Key Facts
- •Challenge to planning permission and listed building consent for basement development.
- •Concerns about construction noise impact on neighboring residents.
- •Claimant lives next door to the proposed development.
- •Development includes a 271 square meter basement with a swimming pool.
- •Construction involves 63 weeks of potentially noisy work.
- •Two grounds for judicial review were allowed: failure to consider material considerations (noise impact) and error of law regarding policy interpretation.
Legal Principles
On a challenge to planning officer reports, the question is whether the advice was seriously misleading on a matter bearing upon the decision and uncorrected before the decision.
Mansell v Tonbridge and Malling BC [2017] EWCA Civ 1314
If a committee accepts officer recommendations, the reasons are those in the officer's report. Debate among committee members is insignificant.
Scottish Widows PLC v Cherwell DC [2013] EWHC 3968 (Admin) and R(Cook) v RBKC [2024] EWHC 42 (Admin)
Lack of reference to an issue in an officer's report doesn't mean it wasn't considered; a contrary conclusion requires overwhelming evidence.
South Bucks v Porter (No 2) [2004] 1 WLR 1953
Decision-makers can weigh material considerations as they see fit, rationally. Planning judgment is theirs; Wednesbury unreasonableness is a high bar.

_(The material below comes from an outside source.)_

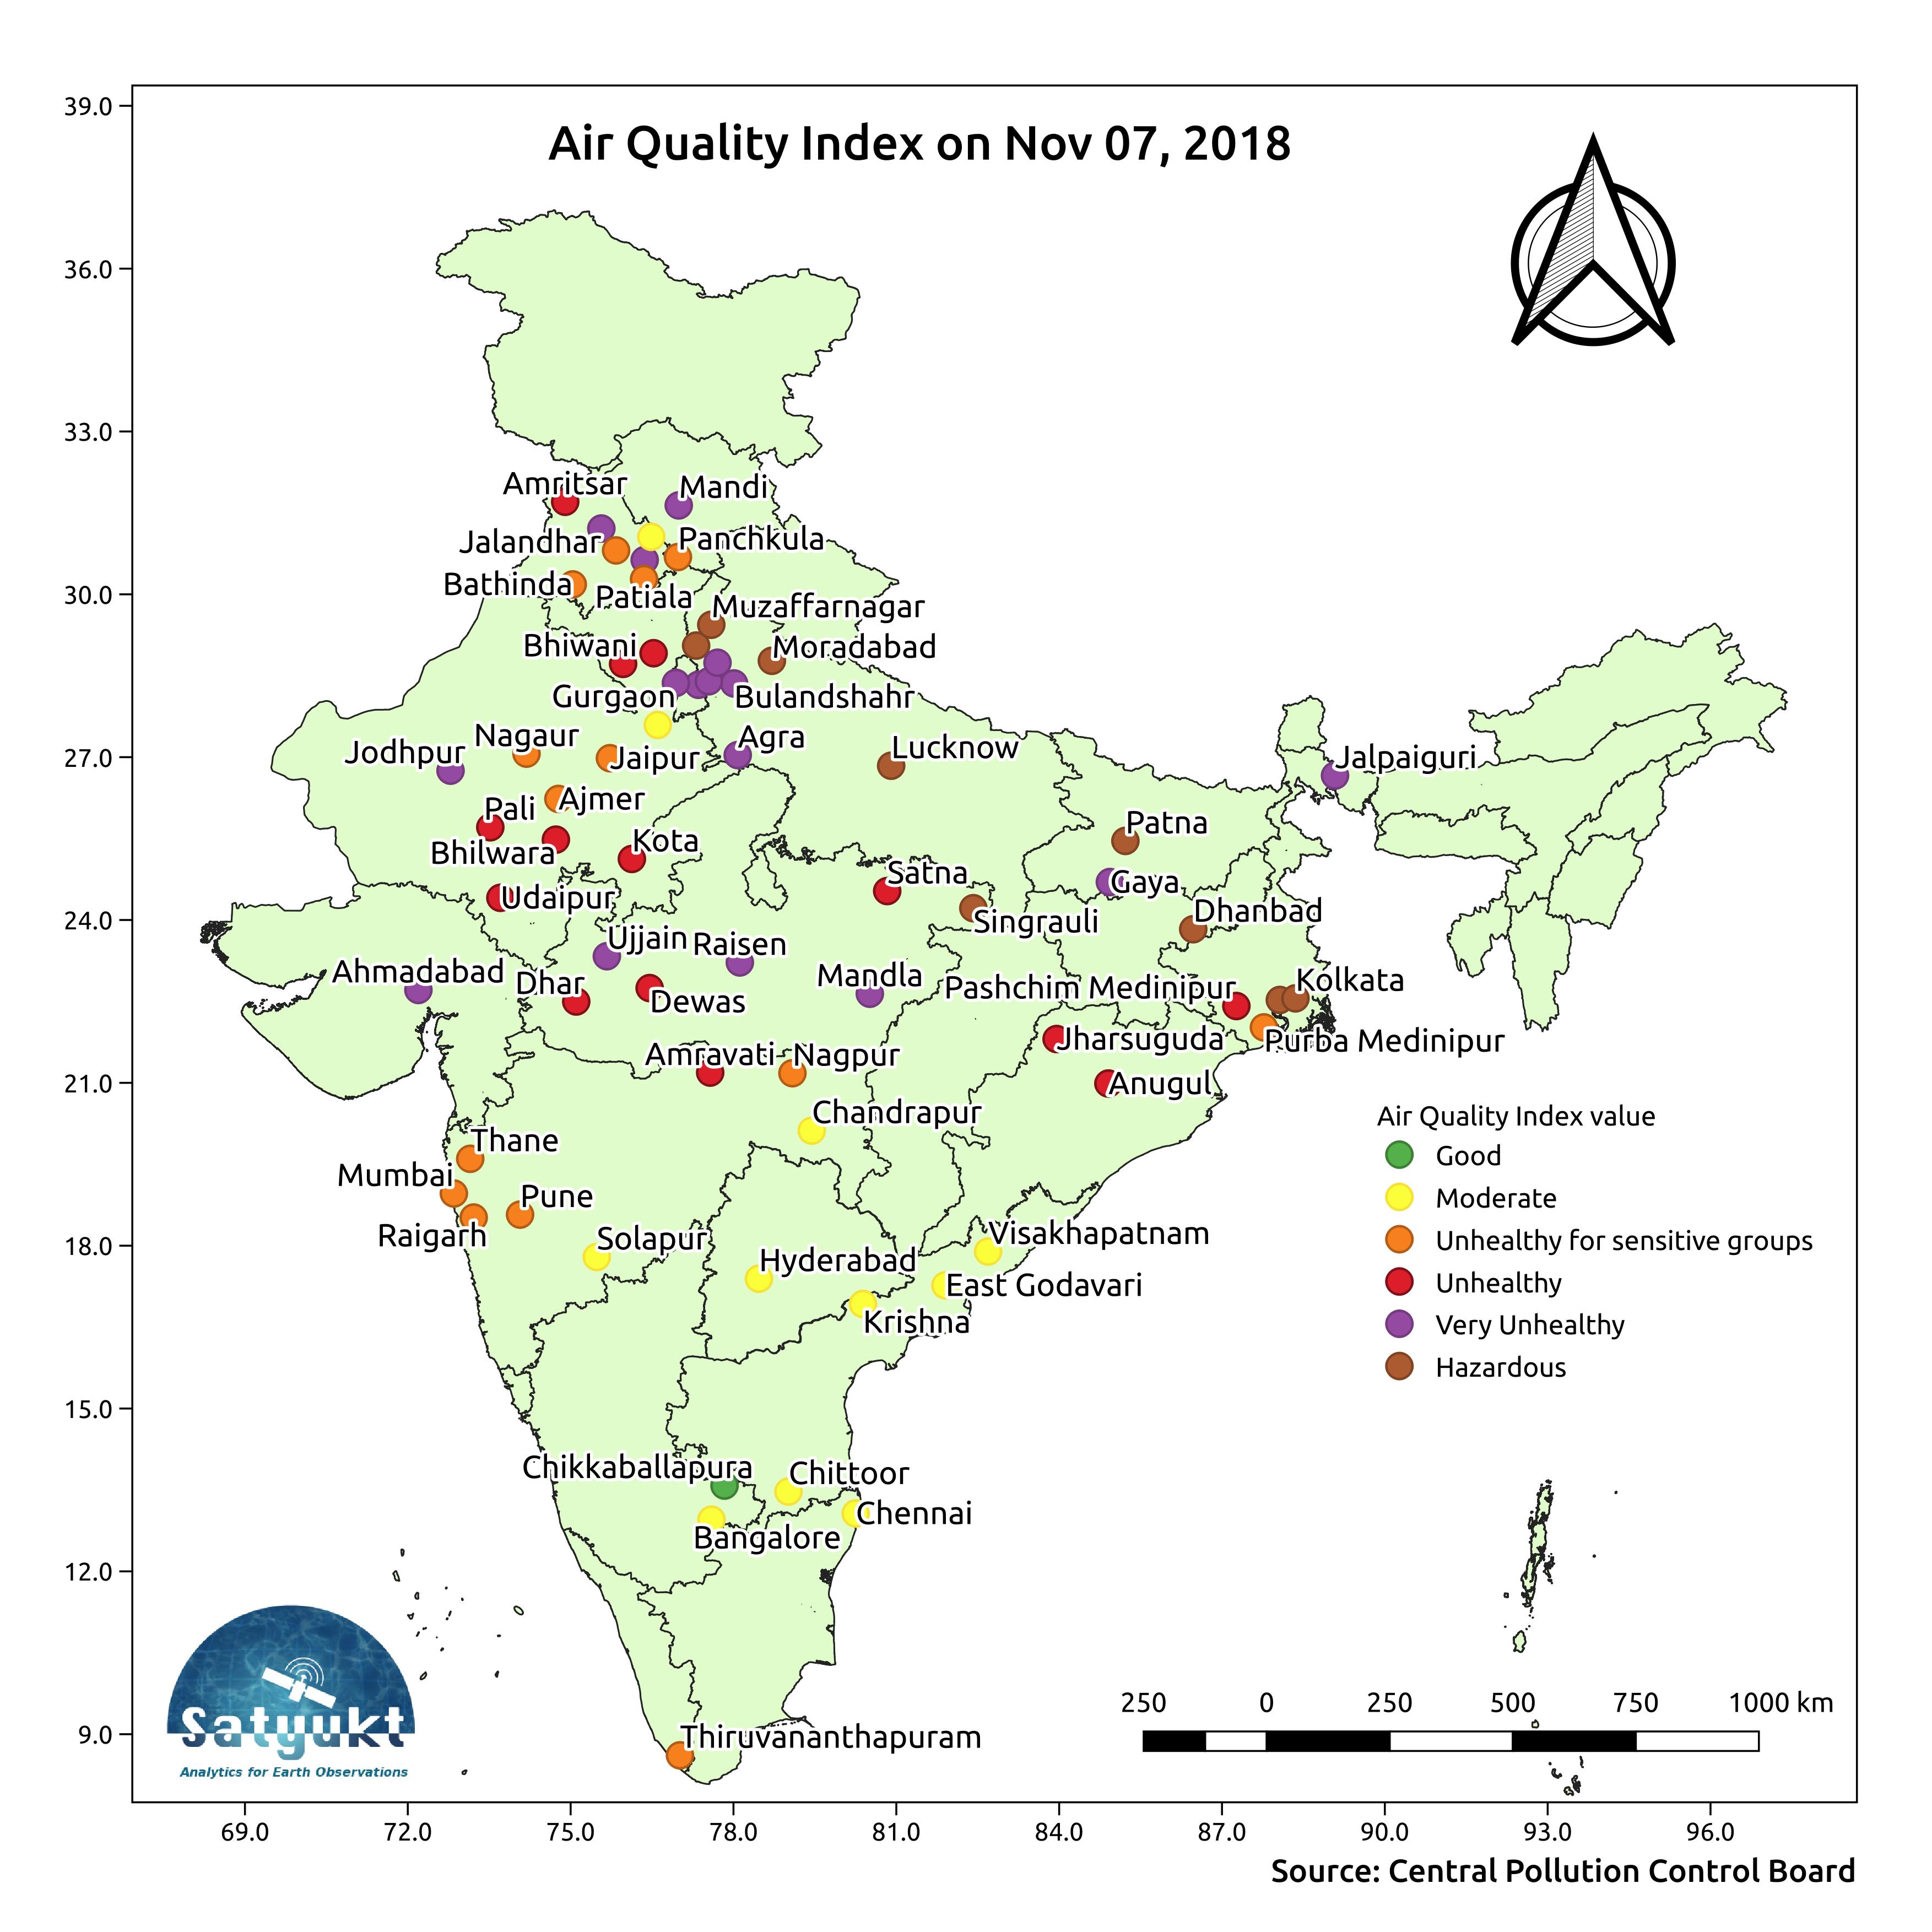 Air Quality Index (AQI) after Diwali is

Tesco Stores v SSE [1995] 1 WLR 759 and R (Newsmith Stainless Ltd) v SoS [2017] PTSR 1126
No duty to give reasons for granting planning permission exists, unless the aggrieved party shows substantial prejudice from inadequate reasoning.
South Bucks (No 2)
Decision-makers use local knowledge and common sense; planners have expertise and understand the legal context.
R (Bishop’s Stortford Civic Federation) v East Herts DC [2014] PTSR 1035
Outcomes
Claim dismissed.
The judge found that the planning officer's assessment of construction noise as acceptable, considering mitigation and controls, was a matter of planning judgment consistent with local and national policy. The concerns raised in Ground 1 amounted to a disagreement with that judgment, and Ground 2 misinterpreted the planning committee's discussion.